Wildfires have left a path of destruction on the Hawaiian island of Maui, killing at least 36 people and forcing thousands to flee their homes.
The fires, which continued to burn Thursday, appear to have destroyed the historic center of Lahaina, the former capital of the former Kingdom of Hawaii.
While the damage was still being assessed, witnesses said that several important areas appeared to be engulfed in flames.
Richard Olsten, a helicopter pilot with tour operator Air Maui, told The Associated Press news agency that he flew to the area to stock up.
“All the places that are tourist spots, that are the history of Hawaii, are gone, and that can’t be replaced,” he said. “You cannot refurbish a building that is now just ashes. It cannot be rebuilt — it is gone forever.”
What is broken?
Aerial footage of Lahaina shows the town nearly engulfed in flames. Videos on social media captured smoke lingering downtown, with cars and shops melting.
It’s not immediately clear how all of the 60 historic sites in the Lahaina Historic District are doing. The district covers over 6,500 hectares (16,000 acres).
Speaking to The New York Times, Theo Morrison, the executive director of the Lahaina Restoration Foundation, which manages many historic sites, said that the speed of the fire made it almost impossible to take any protective action.
“We had no preparation, no warning, nothing,” Morrison said. He noted that the roof of the Old Lahaina Courthouse, which houses a heritage museum with ancient Hawaiian artifacts, appears to have collapsed.
Local media also reported that the Baldwin Home, built in 1834 by Reverend Ephraim Spaulding, was destroyed. The house is the oldest still standing in Lahaina.
Photos on social media appear to show the famous Lahaina Banyan Tree, believed to be the largest in the United States, also singing wildly.
‘To change everything’
Longtime residents lamented the loss. The fire “will just change everything”, Lee Imada, who has worked for the Maui News for 39 years, told The Associated Press.
“It’s just hard to register, even now, what the full impact of this will be.”
Imada said his ancestral ties to Lahaina go back generations. His mother’s family owned a chain of popular stores, and his great-uncles managed a location on historic Front Street until it closed about 60 years ago.
He remembers walking down Front Street among the tourists while shopping or eating, looking at the banana tree and enjoying the beautiful ocean views from the pier.
“It’s hard to believe it’s not there,” Imada said. “Everything I remember about the place was gone.”
Lahaina and the Kingdom of Hawaii
Lahaina rose to prominence under King Kamehameha I, a transformational figure in Hawaiian history.
He united Hawaii under his rule, subjugating the small independent principalities of Oahu, Maui, Molokai, Lanai, Kauai and Niihau from 1795 to 1810.
In Lahaina, a coastal town framed by volcanic peaks, Kamehameha built a royal residence, known as the Brick Palace, which was one of the first Western-style buildings in the Hawaiian Islands, according to the US National Park Service. Lahainaluna High School became the main place of education for the leaders of the kingdom.

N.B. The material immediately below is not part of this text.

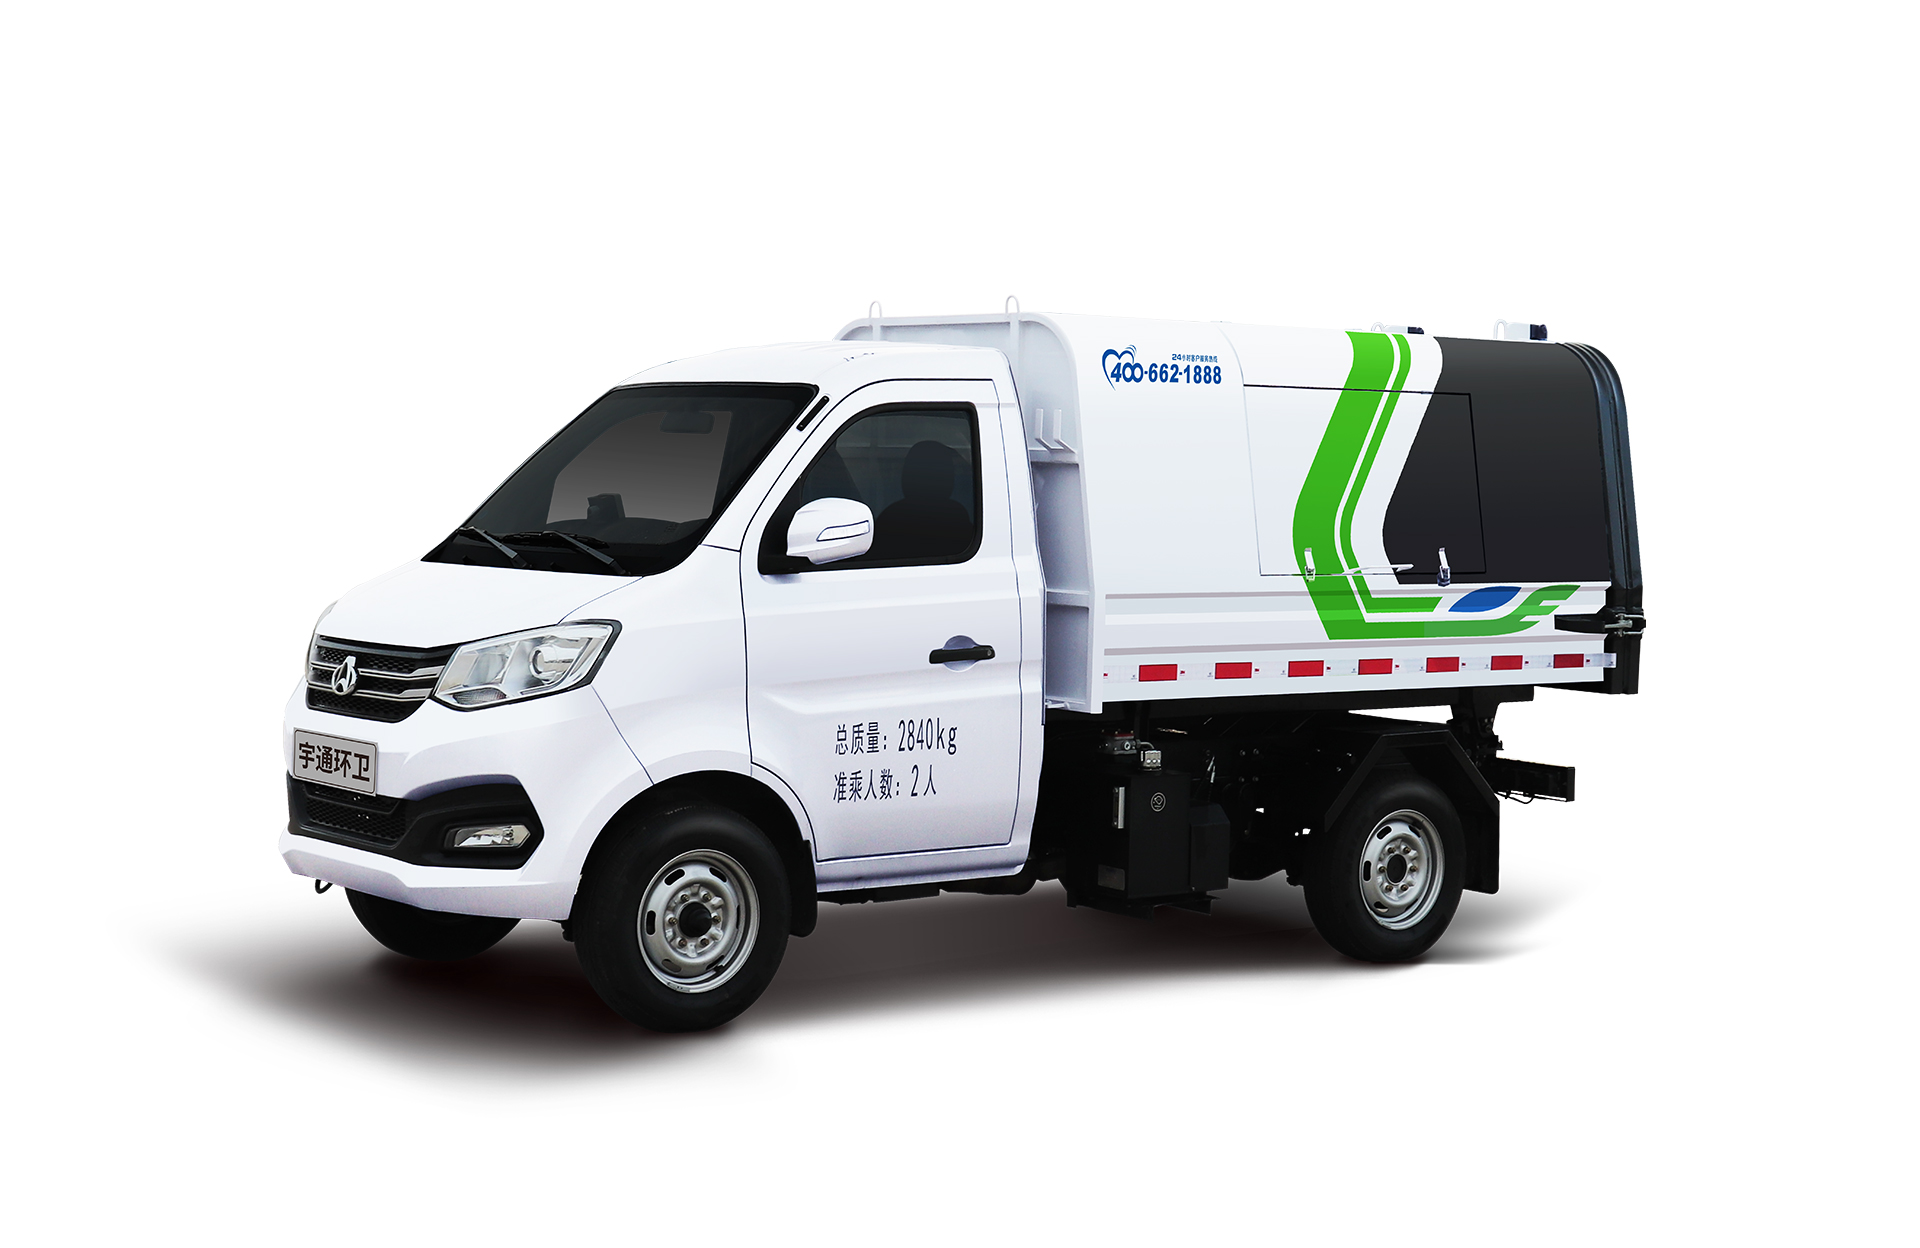 3t自卸式垃圾車 宇通環衛自卸垃圾車主要具備小巧靈活、密封性好、裝載能力強等主要特點。

Kamehameha’s heirs Prince Liholiho and Prince Kauikeaouli — who ruled as Kamehameha II and Kamehameha III, respectively — settled in Lahaina from 1820 to 1845, when the kingdom’s capital moved to Honululu on the island of Oahu.
Waine’e Church Cemetery, where several Hawaiian monarchs are buried, remains a sacred site for Native Hawaiians, also known as Kanaka Maoli.
Of the reporters covering the #MauiFire: Please stop identifying Front Street and Lahaina Town as a “tourist area”
It was the original Capital of the Kingdom of Hawaii.
Here is the palace of King Kamehameha.
The Kanaka Maoli still live here, on their ancestral land from the 1800s.
— Kaniela Ing (@KanielaIng) August 9, 2023
Lahaina “is really the political center of Hawaii”, Davianna McGregor, a retired professor of ethnic studies at the University of Hawaii at Manoa, told The Associated Press.
He pointed out that Lahaina played a prominent role in the kingdom’s transition from an absolute monarchy to a constitutional monarchy under King Kamehameha III.
The town also became a key port where the first US whaling ships arrived in 1819. Those hunting expeditions, in addition to an influx of Christian missionaries, brought foreigners and commercialization to Lahaina. In the following decades, many Chinese citizens also moved to Lahaina to work on the sugar plantations.
After the overthrow of the Kingdom of Hawaii in 1893 and the subsequent annexation of the Hawaiian Islands by the US five years later, Lahaina became one of the largest tourist destinations in Hawaii. The islands became a US state in 1959.